■ What is being asked: Give the listing again word for word. Leave every image out.

■ Given data:
══════════════════════════════

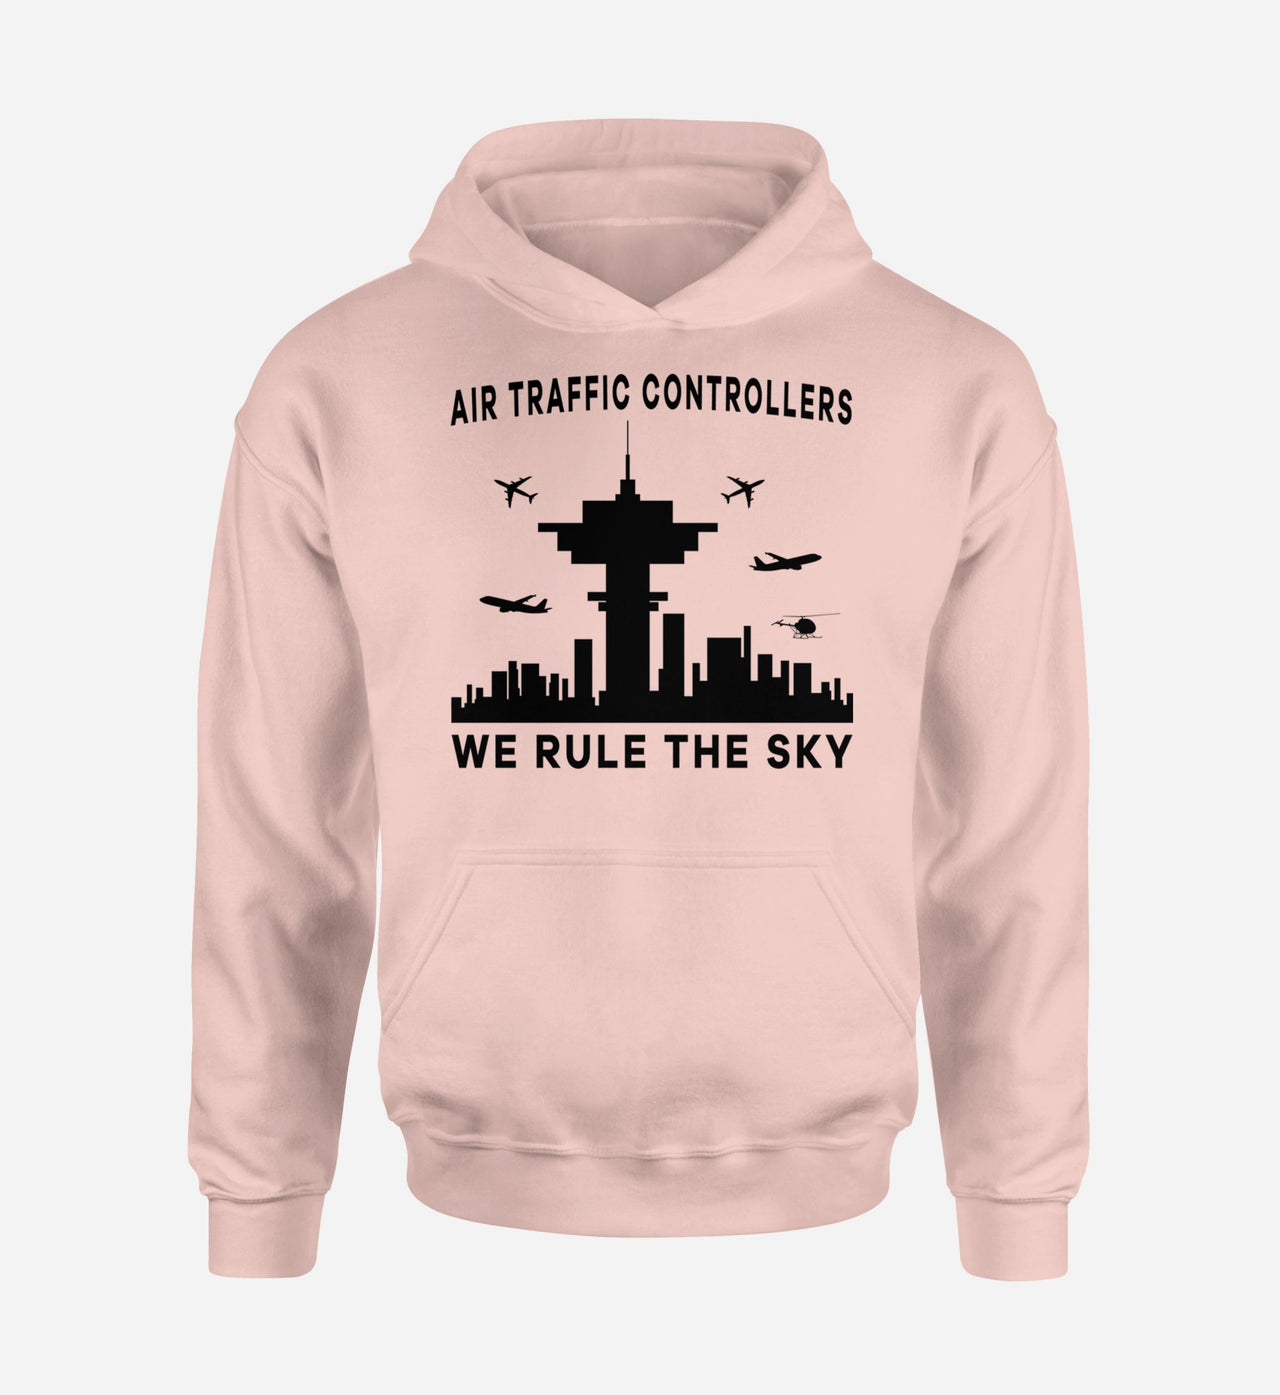 Air Traffic Controllers - We Rule The Sky Designed Hoodies
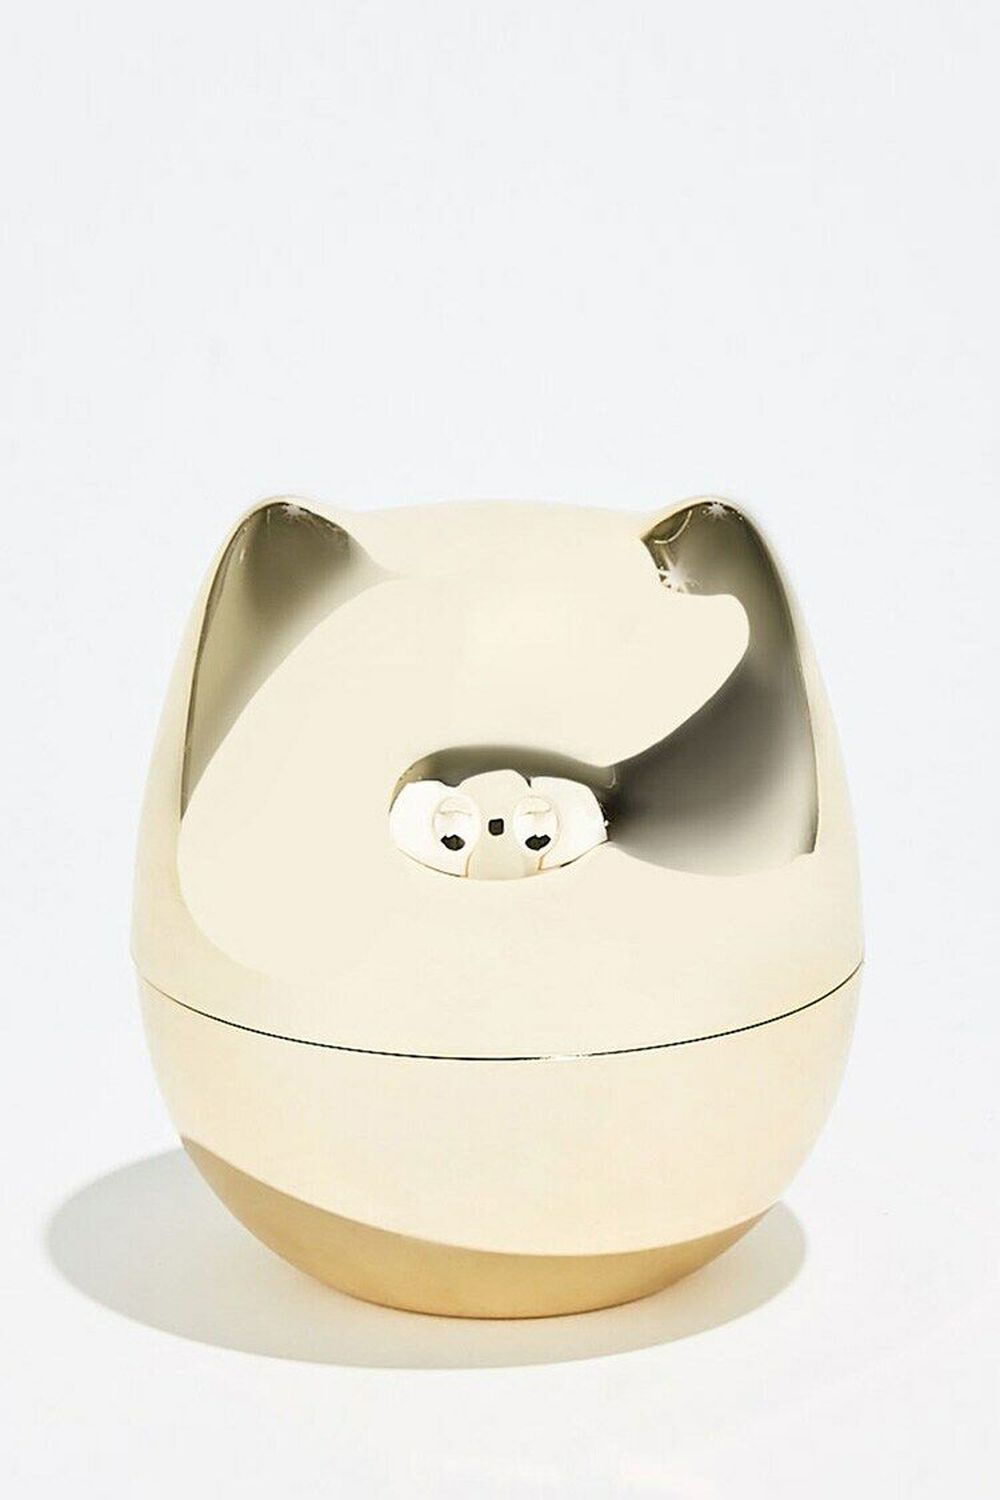 TONYMOLY Golden Pig Collagen Bounce Mask, image 3
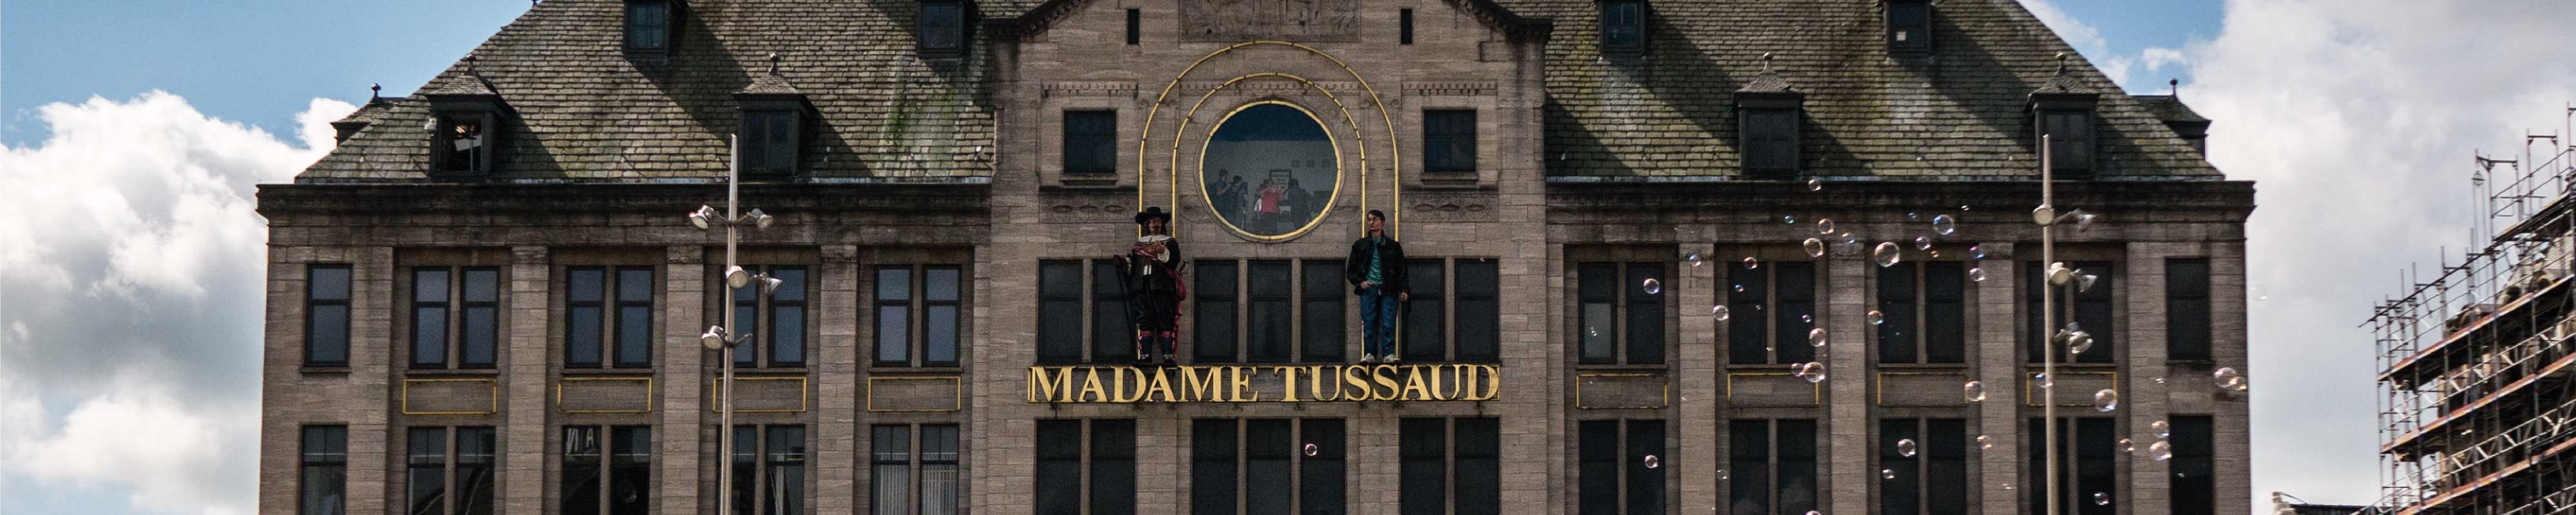 Consigna Equipaje | museo de Madame Tussauds en Londres - Nannybag

══════════════════════════════

■ Response to the task:
 Air Traffic Controllers - We Rule The Sky Designed Hoodies
 TONYMOLY Golden Pig Collagen Bounce Mask, image 3
 Consigna Equipaje | museo de Madame Tussauds en Londres - Nannybag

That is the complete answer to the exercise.